My parents are over from New Zealand, escaping a fierce winter to be with me and my two teenagers. As my son has just finished his Baccalauréat and is heading off on a gap year, this is a precious chance to all be together. We decide that southern Brittany is the perfect place for some family time.   

After lunching on sea bass in Vannes, the Morbihan region’s handsome capital, to break up the journey, we take the ferry to our destination, Ile aux Moines, in the middle of the Gulf. We’ve packed carefully (or so I thought), as cars are forbidden on the island and our gîte is a fair walk from the port. I can’t expect my parents to do much more than roll their suitcases, so my son and I load ourselves with everything else. We must look a sight as we make our slow way across the island to our accommodation. My abiding thought, as the handle of the shopping bag bites into my shoulder, is “we definitely don’t need all this cheese”. 

The island is crisscrossed by tiny streets and the lovely granite houses have good gardens. Mum is a keen plantswoman, so she stops to admire every bloom, surprised to find tropical plants flourishing in Brittany. The microclimate here is astounding. The gîte has a stone wall around its garden which is knee-high and surrounded by hydrangeas. It probably won’t hold Vespa if she really wants to get out, but I hope it’s a decent mental boundary. Inside, we find that the stairs to the bedrooms are quite steep, but otherwise it’s perfect.  

An after-dinner stroll down to discover the nearest beach reveals a low tide seascape with small sailboats marooned on mud flats, lime green with seaweed and dotted with clumps of escapee oysters from the nearby farms. A few of the little yachts are traditional and locally made and have Bordeaux red sails. They’re our favourite.  

Food is thought about a lot. The markets are full of fruit in summer. Strawberries and cherries are still in season, yet nectarines and peaches are now ripe and cantaloupe melons perfume the air tantalizingly. I can’t believe how huge everyone’s appetites are. We discover a small shop on the island, so I could have spared my shoulders the day we arrived. The cheese we bought with us disappeared on day two, but I discover with some joy that the shop has a good supply of rosé.  

My teens are unused to holidays where the main activity is strolls with constant stops to admire views, plants and buildings, but they find ways to keep entertained. A few sleepy cats basking on sunny walls are made friends with, until Vespa, part Jack Russell, realizes what’s on the wall and the brief friendship ends with hissing and loo-brush tails.  

To keep the teens happy, I rent e-bikes. This allows us to adventure to the farthest reaches of the island at the speed of light compared to the grandparental pace. The teens are amused by a house they found named “Breizxert”, which was decided wouldn’t be found in any dictionary but was a witty play on the Breton word for Brittany “Breizh, and “Brexit”. They also chatter away in high-speed French which their grandparents can’t keep up with when they feel the need. It’s their secret code. I understand.  

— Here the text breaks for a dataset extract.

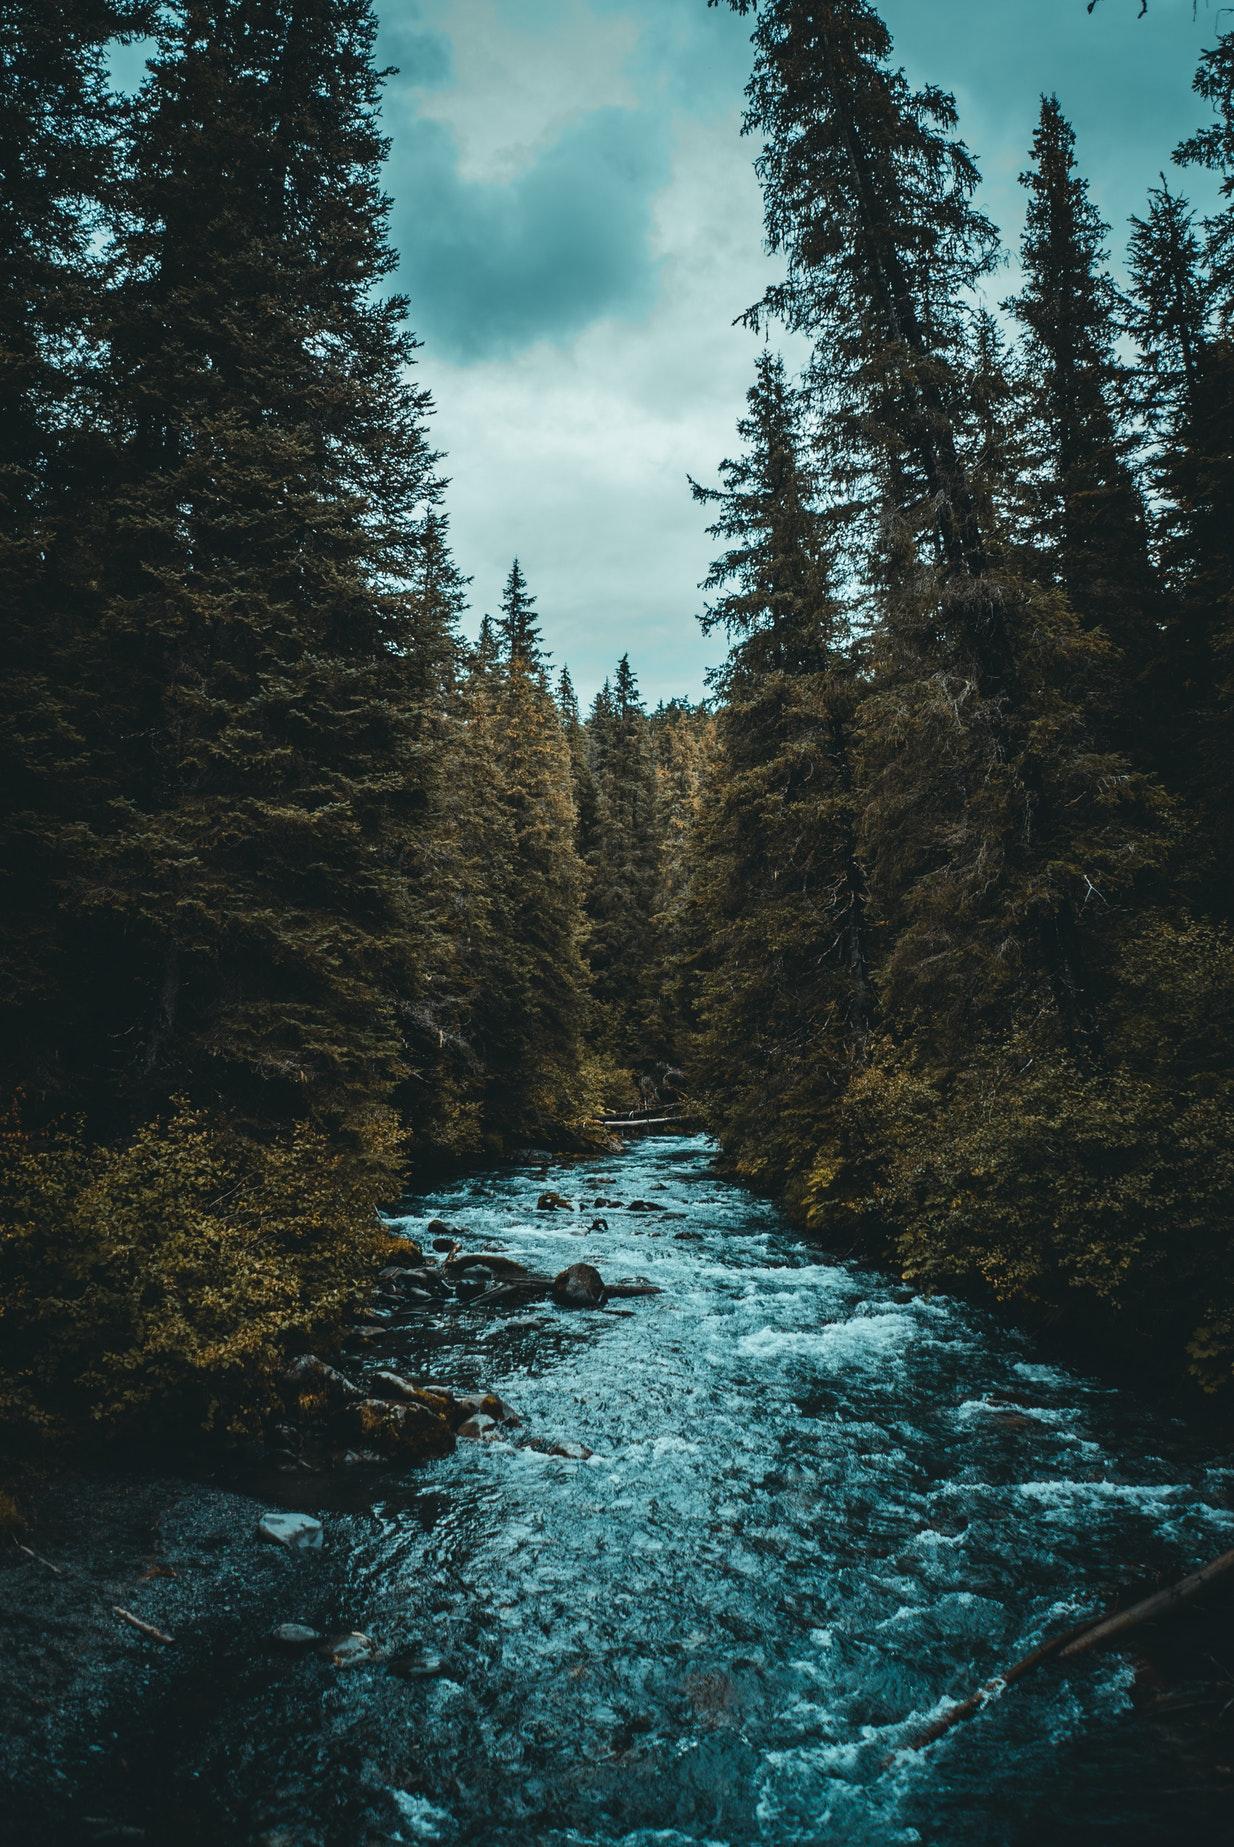 картинки природа красивые для айфона что удивляйтесь если

The weather is balmy, about 23 degrees each day, and only dropping to 15 at night, so everyone lives in shorts and t-shirts, except for my father who has always refused to wear either. I suspect this has more to do with my mother’s insistence that he does, than any fashion decision. I can recall the exact same conversation when I was a girl. How extraordinary that neither has given up this particular battle after all these years! 

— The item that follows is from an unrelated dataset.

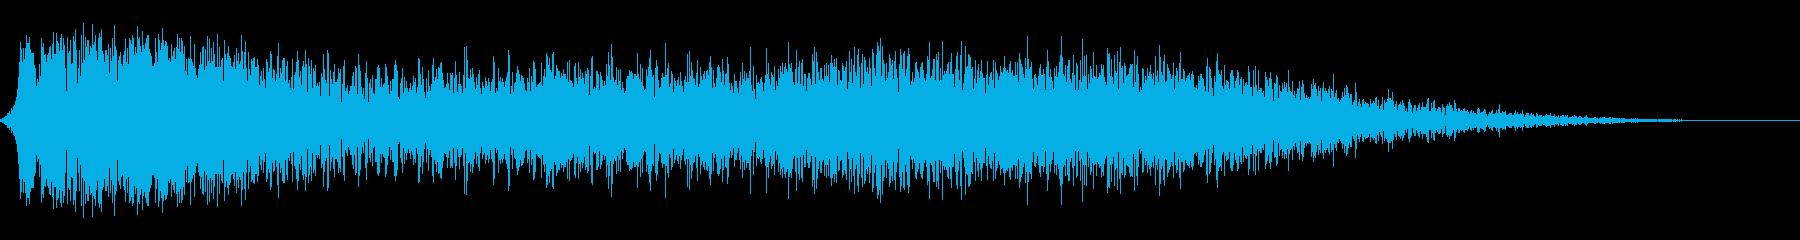 エコーテール付きパワーフーザップの再生済みの波形

The island has one of the most ancient stone circles in Europe. Unlike Stonehenge, this is semicircular, and the stones are smaller, but it’s vast and the little museum beside it is full of fascinating information. The lady in the museum looked surprised to see English-speaking visitors walk up, but as I have dragged my two to visit anything neolithic since they were small, she quickly found her audience. 

On the way back home to the Loire we make a detour to visit Rochefort-en-Terre. This village is so well-preserved that it has had countless costume dramas filmed in its flawless streets. We delight at the rugged granite facades and dormer windows set high on the rooftops, engraved with dates like 1556. There’s consensus that the town’s gardeners had gone a bit overboard with the window boxes and hanging baskets, as there are bright multi-coloured annuals absolutely everywhere you look. With that agreement, particularly one over my mum’s favourite subject, I officially label the holiday a success, making mental notes for next time about checking upstairs bedrooms and going easy on the cheese.  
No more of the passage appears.